Preoperative and 6-, 12-, and 24-h endocan, PCT, and CRP plasma levels according to subsequent pulmonary infection
| Biomarker | Timing | Pulmonary infection | Mean ± SD | p value |
|---|---|---|---|---|
| Endocan, ng/mL | Preoperatively | No | 3.07 ± 2.37 | 0.69 |
| Yes | 2.21 ± 1.47 | |||
| 6 h | No | 6.44 ± 3.16 | 0.03 | |
| Yes | 24.16 ± 15.64 | |||
| 12 h | No | 9.79 ± 7.18 | 0.07 | |
| Yes | 25.27 ± 14.35 | |||
| 24 h | No | 13.17 ± 6.68 | 0.63 | |
| Yes | 15.14 ± 15.29 | |||
| PCT, ng/mL | Preoperatively | No | 0.05 ± 0.03 | 0.26 |
| Yes | 0.11 ± 0.12 | |||
| 6 h | No | 0.90 ± 1.70 | 0.11 | |
| Yes | 4.32 ± 7.03 | |||
| 12 h | No | 1.32 ± 2.43 | 0.22 | |
| Yes | 6.13 ± 9.65 | |||
| 24 h | No | 2.04 ± 3.15 | 0.6 | |
| Yes | 6.49 ± 11.08 | |||
| CRP, mg/L | Preoperatively | No | 3.38 ± 4.91 | 0.19 |
| Yes | 16.81 ± 29.41 | |||
| 6 h | No | 15.18 ± 9.39 | 0.01 | |
| Yes | 48.54 ± 41.29 | |||
| 12 h | No | 51.83 ± 18.09 | 0.03 | |
| Yes | 102.8 ± 65.21 | |||
| 24 h | No | 137.91 ± 51.03 | 0.1 | |
| Yes | 197.76 ± 89.29 | |||
PCT, procalcitonin; CRP, C-reactive protein.
Diagnostic Performance of the Tested Biomarkers
The patients with pulmonary infection had significantly higher levels of endocan 6 h postoperatively than the patients with an uneventful outcome (p = 0.03) (Table 1). For these patients, the diagnosis of pneumonia was established on average 53 ± 20 h after the operation, and antibiotic treatment was initiated after an average of 62 ± 27 h. The receiver operating characteristic curve for endocan at 6 h showed the best diagnostic performance for the detection of pulmonary infections, with an area under the curve of 0.84, as well as 80% sensitivity and 100% specificity, at a cutoff value of 15.9 ng/mL (Fig. 1a). The PCT levels showed no relevant differences between the infected and the uninfected patients. The CRP levels at 6 and 12 h were related to postoperative pulmonary infection, with p values of 0.01 and 0.03, respectively. There was no significant difference in creatinine clearance between the patients with postoperative pulmonary infection and those without 6, 12, 24, or 48 h after surgery (p = 0.40, 0.22, 0.20, and 0.23, respectively).
Fig. 1.
Receiver operating characteristic curves of biomarker plasma levels 6 h after the end of surgery. a Endocan alone. b Association of endocan plus PCT. c Association of endocan plus CRP. PCT, procalcitonin; CRP, C-reactive protein; AUC, area under the curve.
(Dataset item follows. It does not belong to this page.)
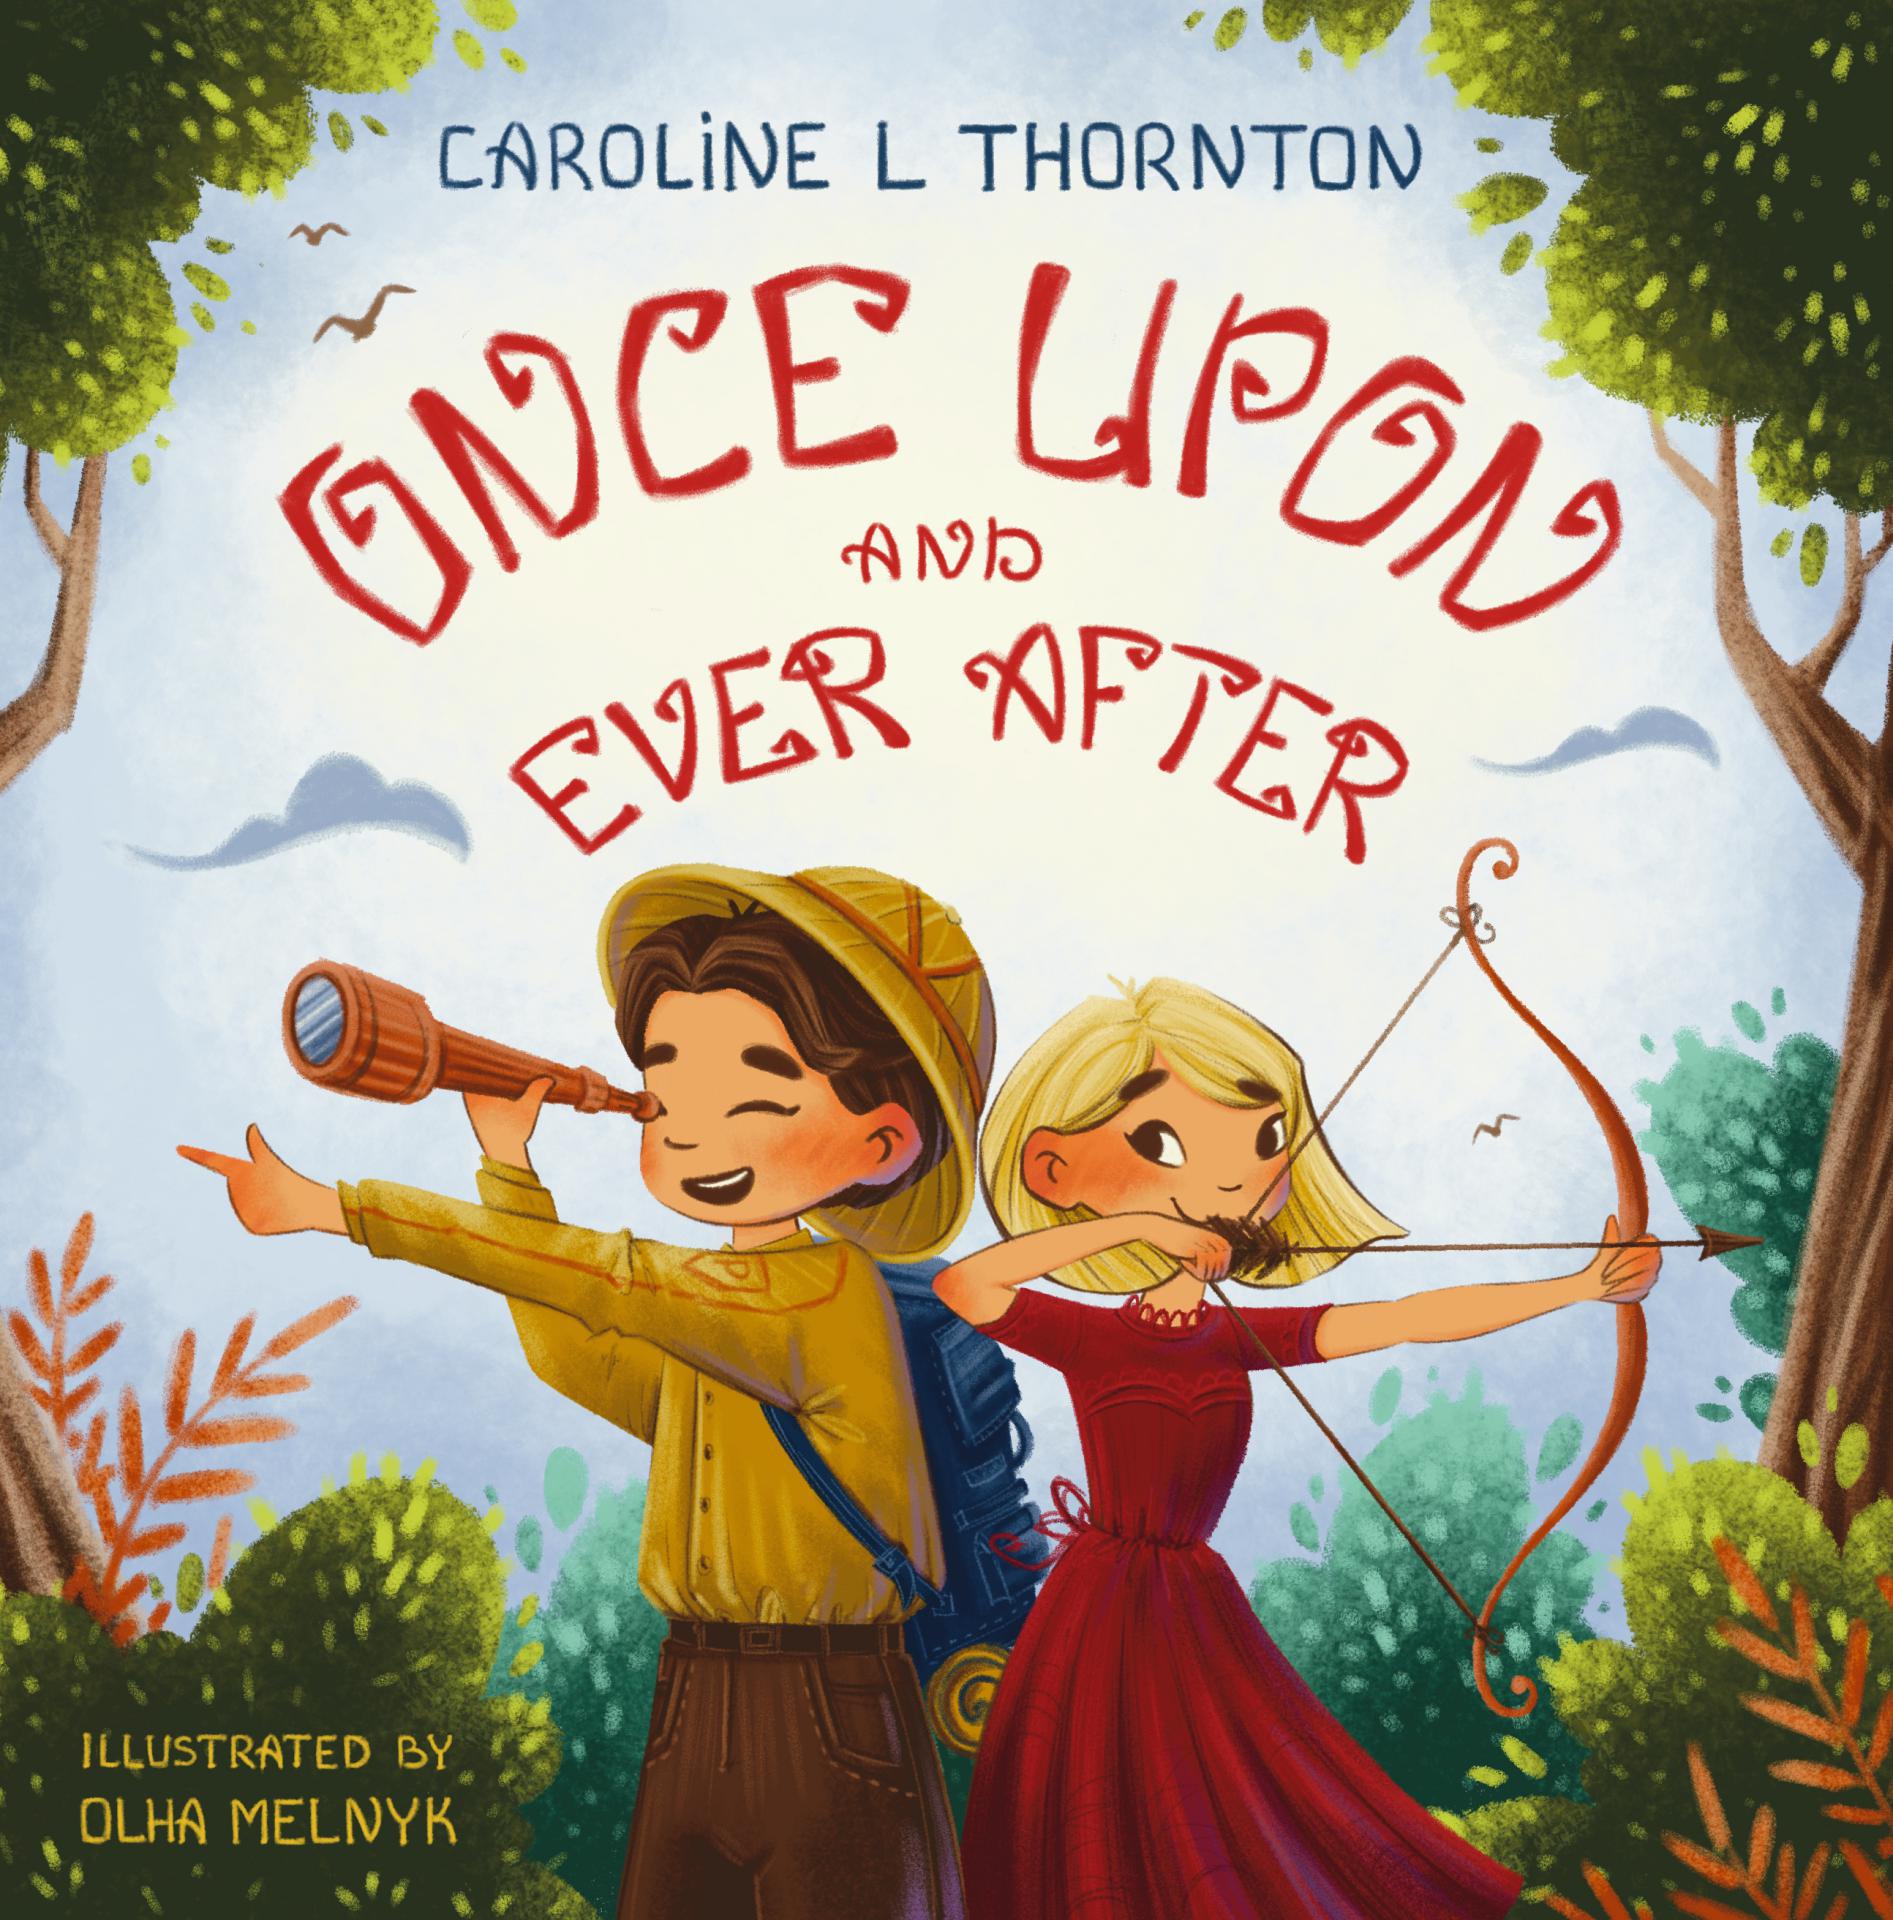 FREE: Once Upon and Ever After by Caroline L Thornton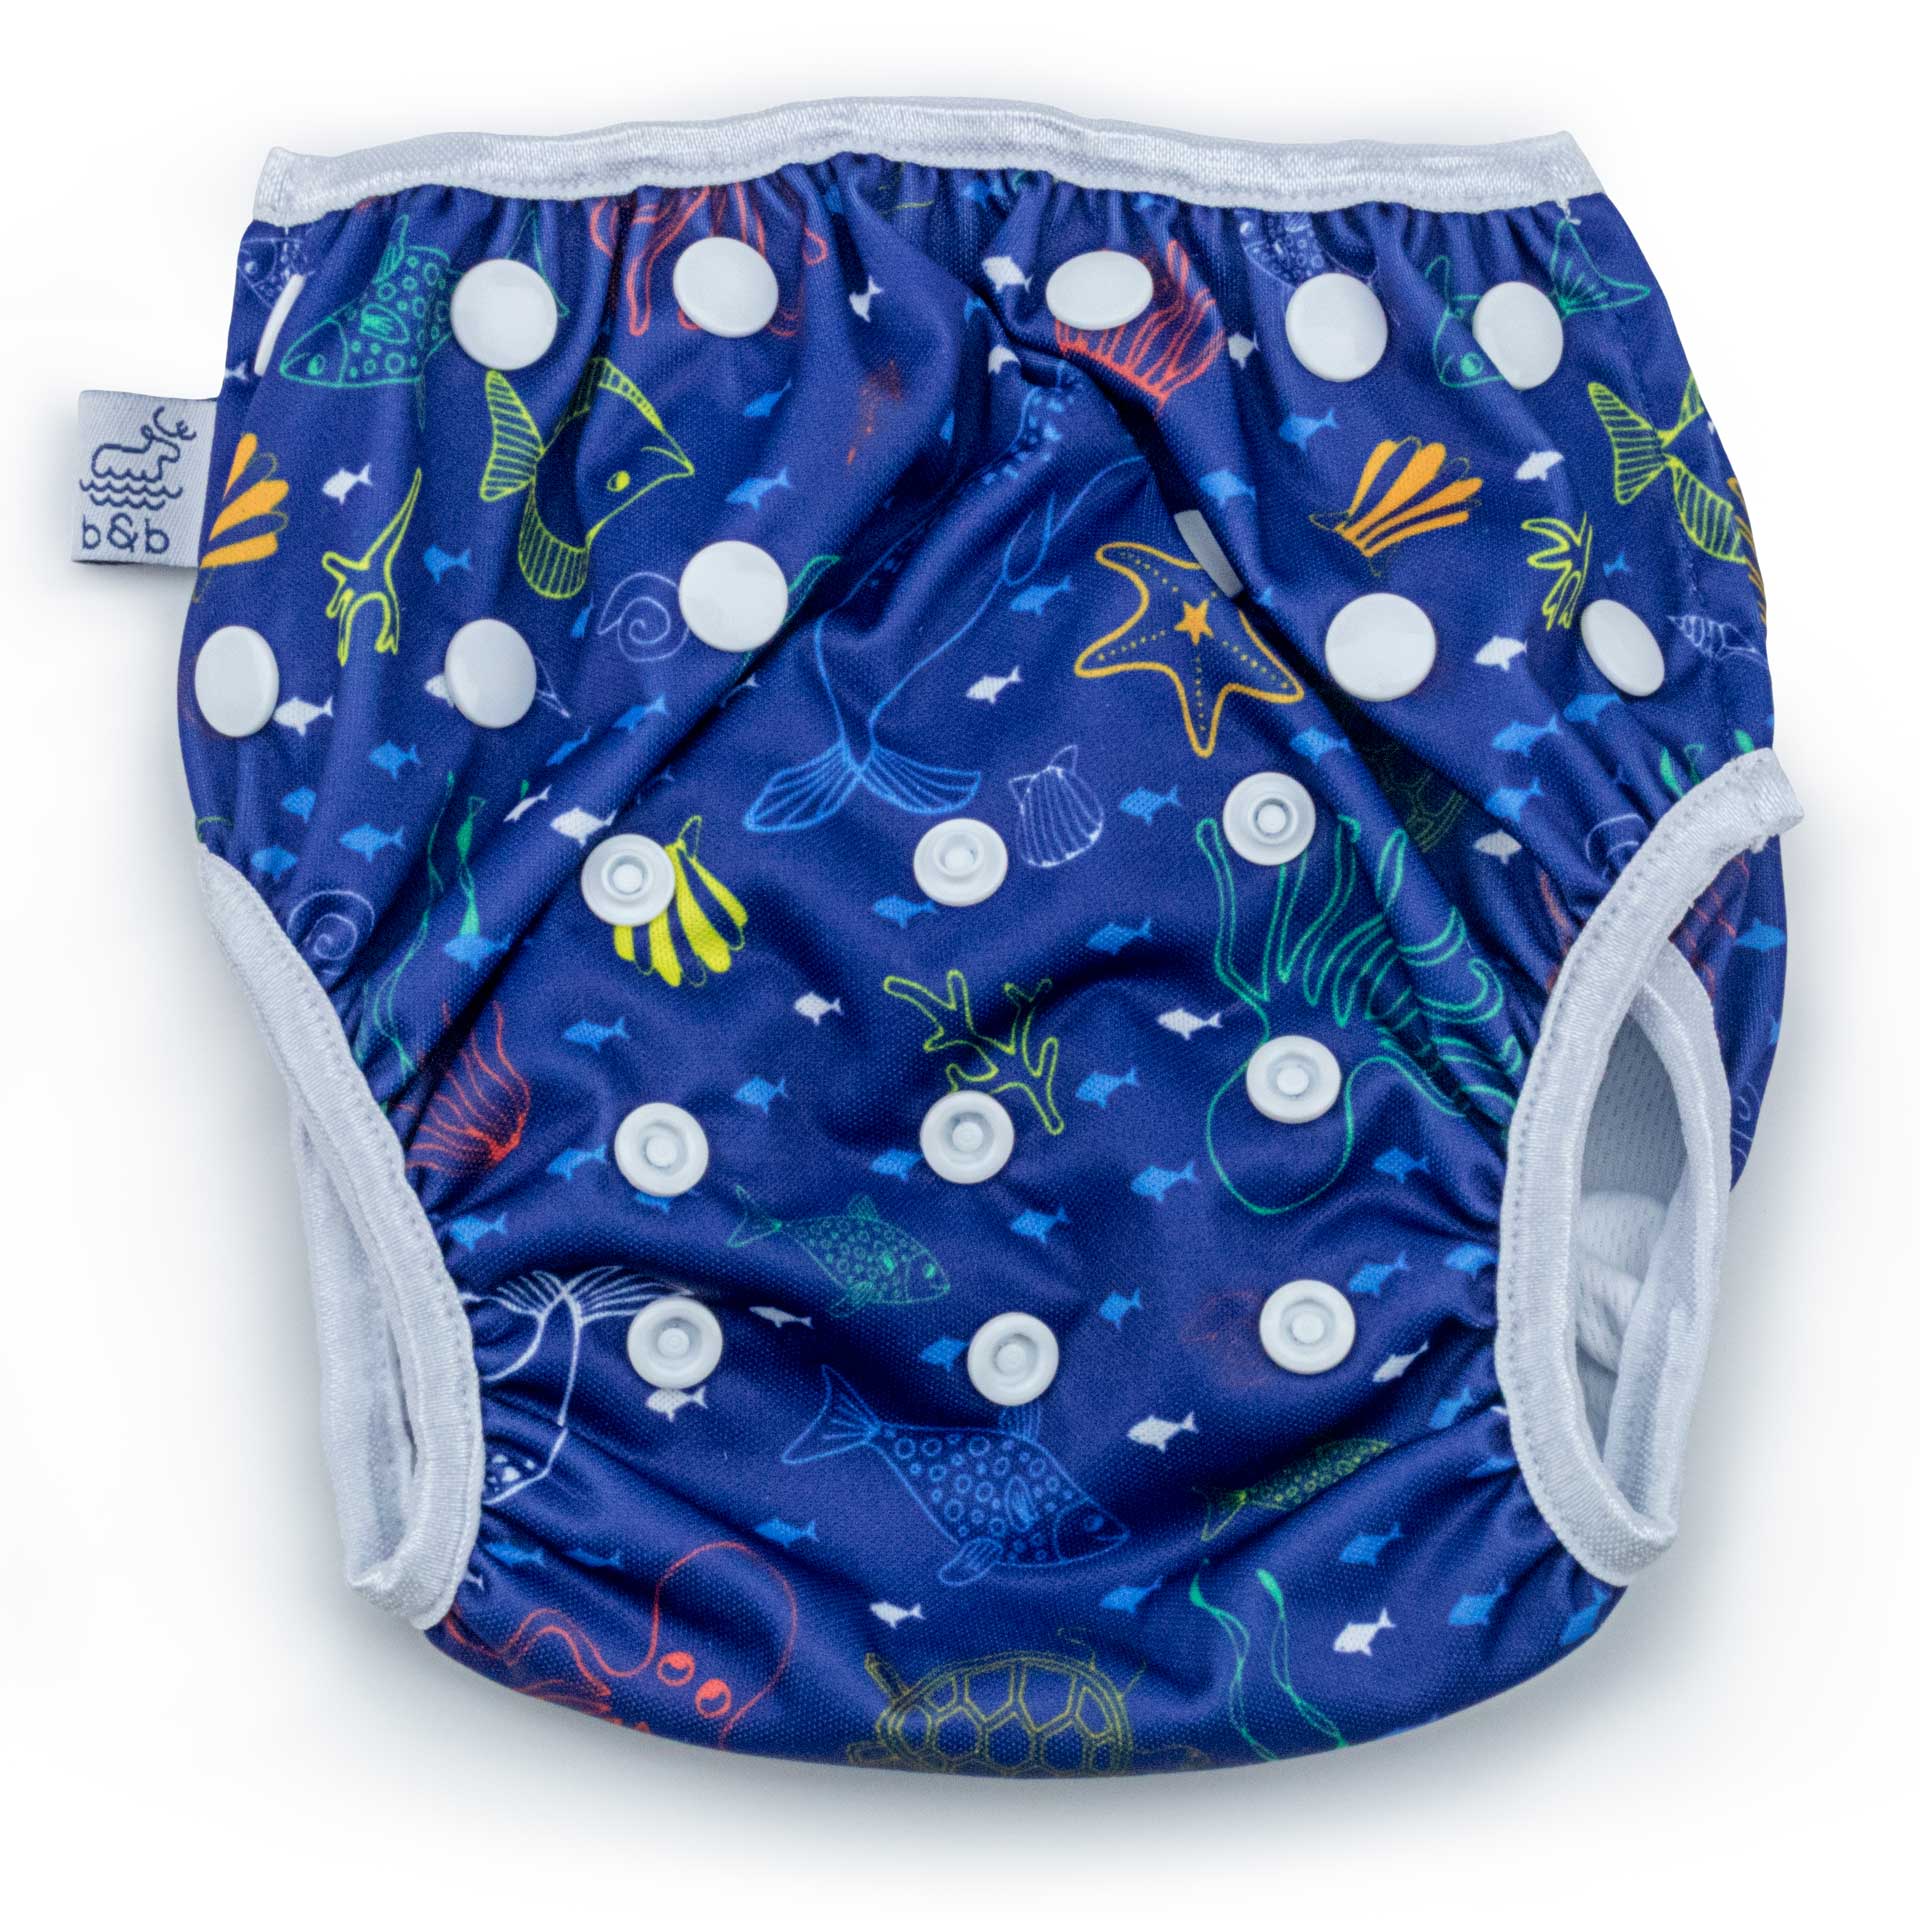 Beau and Belle Littles Swim Diaper, Regular Size, dark blue with outlines of sea creatures, Sea Friends print, flat lay, front view

Diagnostic Performance of Combined Biomarkers
The association of biomarkers showed that endocan and PCT taken together present a sensitivity of 100% and a specificity of 87% at 6 h, with cutoff values of 8.28 ng/mL for endocan and 0.65 ng/mL for PCT (Fig. 1b). The association of endocan with CRP had a sensitivity of 100% and a specificity of 93% at 6 h, with cutoff values of 12.24 ng/mL for endocan and 18.08 mg/L for CRP (Fig. 1c).
Discussion
Nosocomial infection still remains a diagnostic and therapeutic challenge in the care of cardiac surgery patients, affecting both morbidity and mortality. The early diagnosis and treatment of postoperative infections is considered very important for the patient's outcome [1]. The diagnosis of nosocomial infection in this patient population is sometimes difficult, since clinical and laboratory signs of inflammation may be caused not only by infection but also by tissue injury, or mainly by the systemic inflammatory response syndrome associated with CPB. It has been reported that CRP levels are not clearly helpful in differentiating between the postoperative presence and absence of infection in patients [19, 20]. In addition, surgical patients usually receive systemic antibiotics, thus negatively influencing blood culture. An increase in PCT values after CPB, in the absence of postoperative infection, has previously been reported by Meisner et al. [22]. Moreover, PCT values greater than 2 ng/mL can be observed in case of systemic inflammatory response syndrome after CPB, without any postoperative infectious complication [23, 24].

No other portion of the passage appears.